Solution: The coefficient of x^3 is C(5,3) * (2)^3 * (-3)^2 = 10 * 8 * 9 = -720.

Steps: 11

Step 1: Identify the expression to expand, which is (2x - 3)^5.
Step 2: Recognize that we need to find the coefficient of x^3 in the expansion.
Step 3: Use the Binomial Theorem, which states that (a + b)^n = Σ [C(n, k) * a^(n-k) * b^k] for k = 0 to n.
Step 4: In our case, a = 2x, b = -3, and n = 5.
Step 5: We want the term where the power of x is 3, which means we need to find the term where k = 2 (since 5 - k = 3).
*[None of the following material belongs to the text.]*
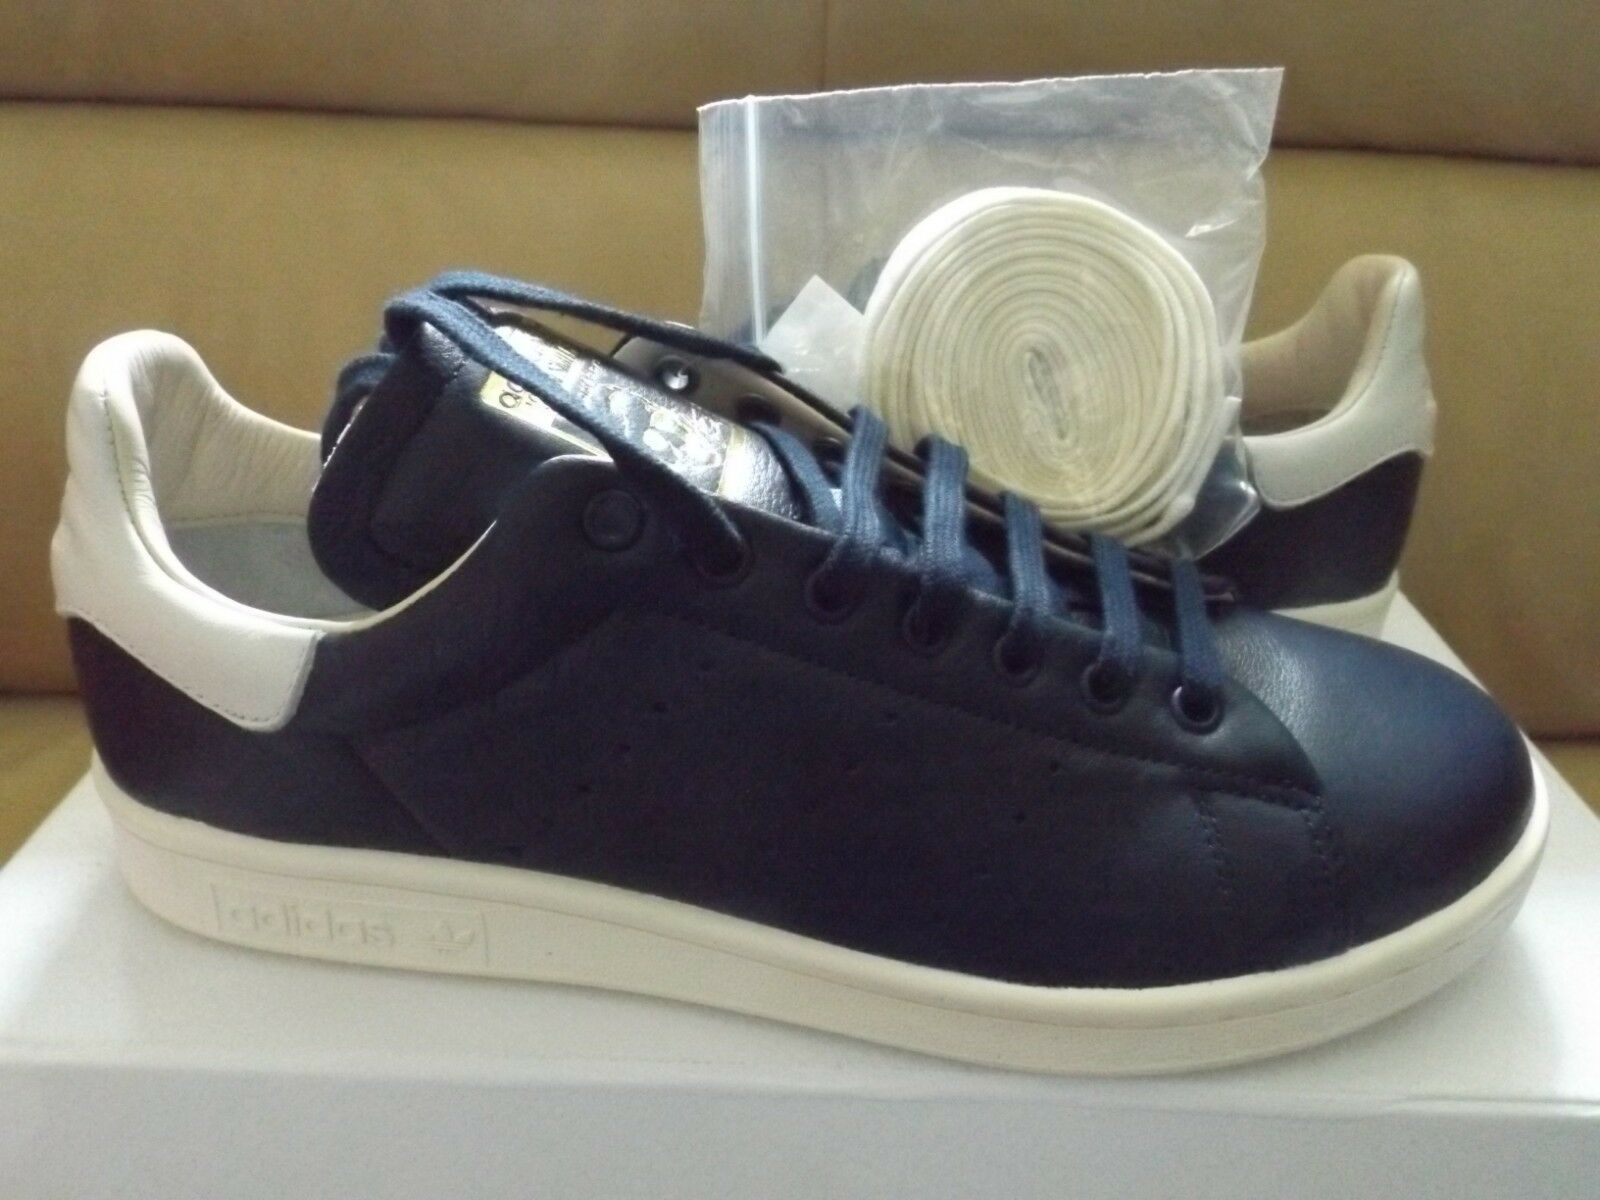 Adidas originali stan smith scarpe ricognizione uomo numero 7 scarpe smith college della marina cq3034 / bianco 780a18

Step 6: Calculate C(5, 2), which is the number of ways to choose 2 from 5. C(5, 2) = 5! / (2!(5-2)!) = 10.
Step 7: Calculate (2x)^(5-2) = (2x)^3 = 2^3 * x^3 = 8x^3.
Step 8: Calculate (-3)^2 = 9.
Step 9: Multiply the results: Coefficient = C(5, 2) * (2^3) * (-3)^2 = 10 * 8 * 9.
Step 10: Calculate 10 * 8 = 80, then 80 * 9 = 720.
Step 11: Since we are multiplying by (-3)^2, the coefficient of x^3 is positive 720.